The United States proposes the creation of a NATO response force that will bring together well-equipped, highly ready air, ground, and sea forces from NATO Allies, old and new. This force will be prepared to deploy on short notice wherever it is needed. A NATO response force will take time to create, and we should begin that effort here in Prague.
Yet, security against new threats requires more than just new capabilities. Free nations must accept our shared obligations to keep the peace. The world needs the nations of this continent to be active in the defense of freedom, not inward-looking or isolated by indifference. Ignoring dangers or excusing aggression may temporarily avert conflict, but they don't bring true peace.
International stability must be actively defended, and all nations that benefit from that stability have a duty to help. In this noble work, America and the strong democracies of Europe need each other, each playing our full and responsible role. The good we can do together is far greater than the good we can do apart.
Great evil is stirring in the world. Many of the young here are coming up in a different world, different era, a different time, a different series of threats. We face perils we've never thought about, perils we've never seen before. But they're dangerous. They're just as dangerous as those perils that your fathers and mothers and grandfathers and grandmothers faced.
The hopes of all mankind depend on the courage and the unity of great democracies.

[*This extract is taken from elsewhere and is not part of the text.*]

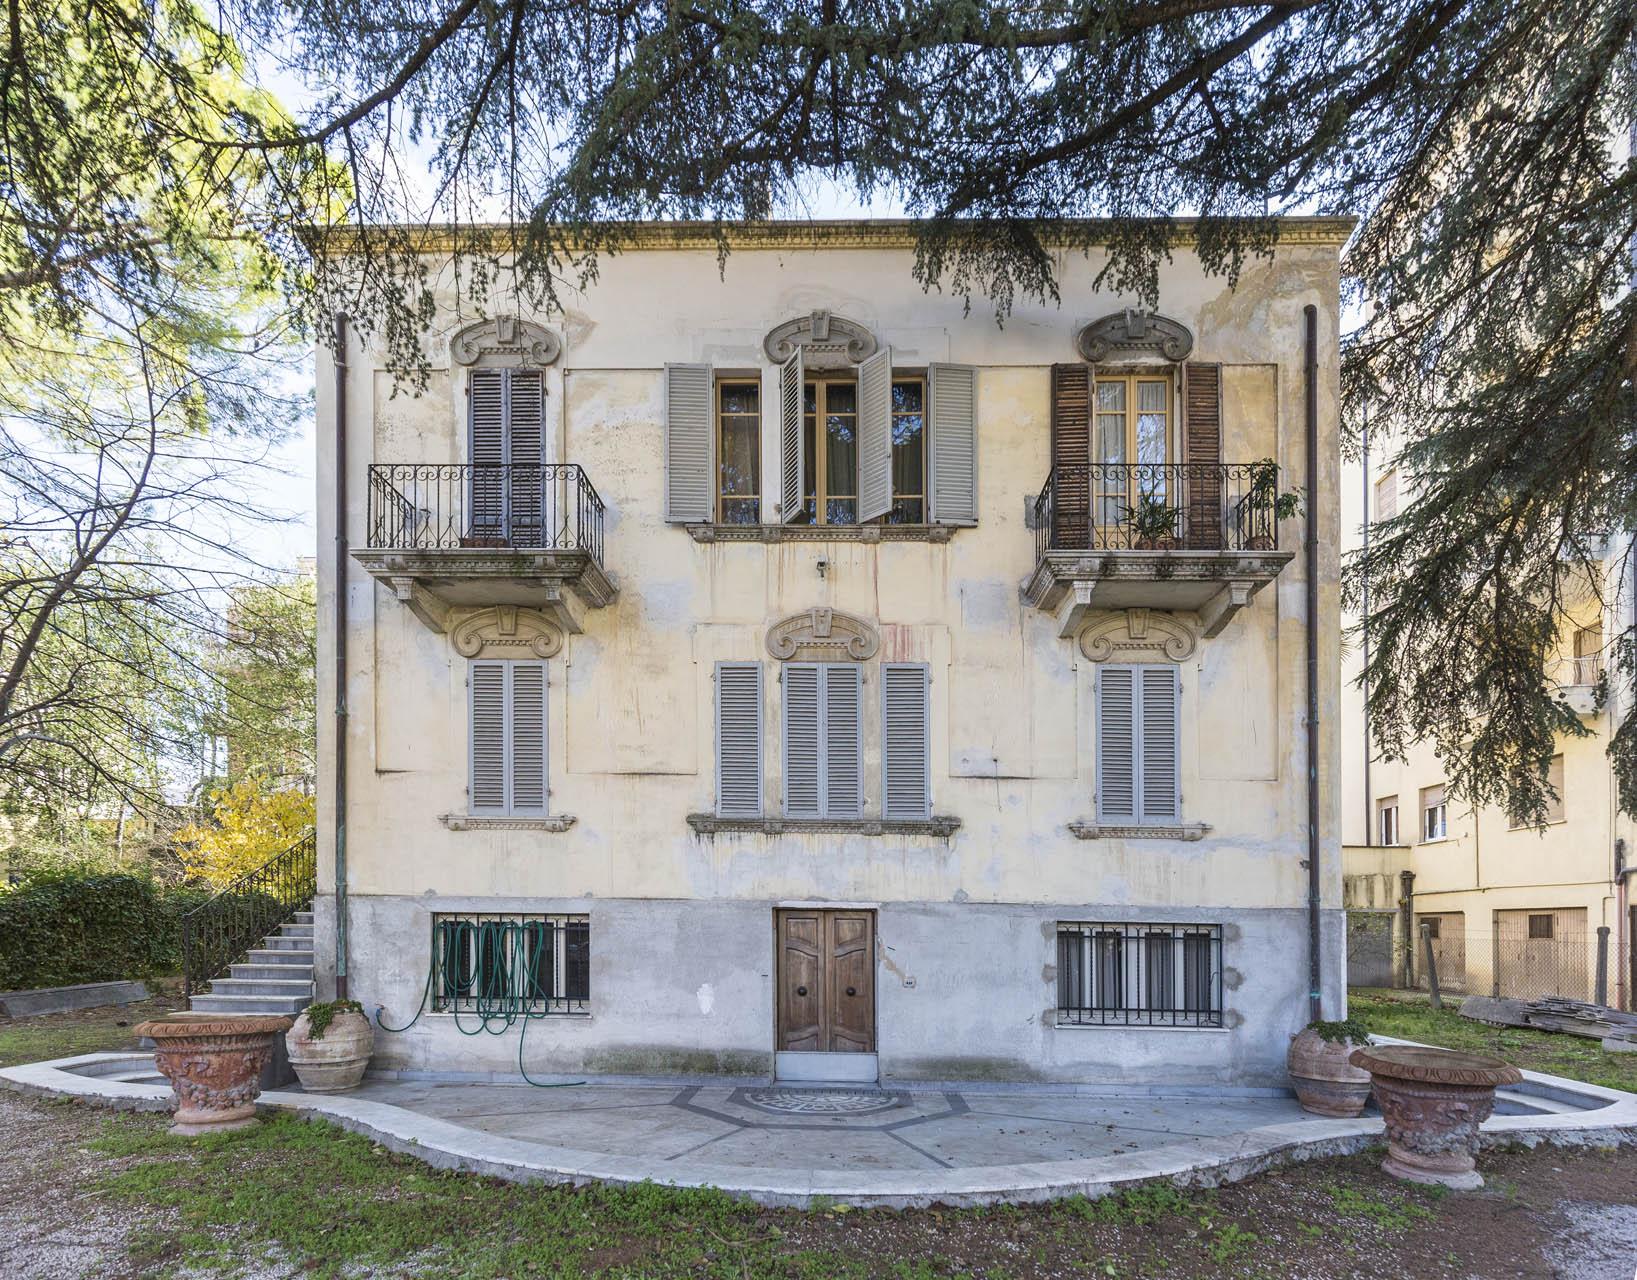 Beautiful Terrazza Liberty Foligno Images - Casa & Design 2018 ...

In this hour of challenge, NATO will do what it has done before: We will stand firm against the enemies of freedom, and we'll prevail.
The transatlantic ties of Europe and America have met every test of history, and we intend to again. U-boats could not divide us. The threats and standoffs of the cold war did not make us weary. The commitment of my Nation to Europe is found in the carefully tended graves of young Americans who died for this continent's freedom. That commitment is shown by the thousands in uniforms still serving here, from the Balkans to Bavaria, still willing to make the ultimate sacrifice for this continent's future.
For 100 years, place names of Europe have often stood for conflict and tragedy and loss. Single words evoke sad and bitter experience: Verdun, Munich, Stalingrad, Dresden, Nuremberg, and Yalta. We have no power to rewrite history. We do have the power to write a different story for our time.
When future generations look back at this moment and speak of Prague and what we did here, that name will stand for hope. In Prague, young democracies will gain new security; a grand alliance will gather its strength and find new purpose. And America and Europe will renew the historic friendship that still keeps the peace of the world.
Thank you for your interest. May God bless you all.
NOTE: The President spoke at 4:40 p.m. at the Hilton Prague. In his remarks, he referred to U.S. Military Academy cadet Gedrimas "Jimmy" Jaglinskas, who introduced the President; Alan Lee Williams, chairman, and Antonio Borges Carvalho, secretary general, Atlantic Treaty Association; Karyn Frist, wife of Senator Bill Frist; Janet Voinovich, wife of Senator George V. Voinovich; President Vladimir Putin of Russia; and President Saddam Hussein of Iraq.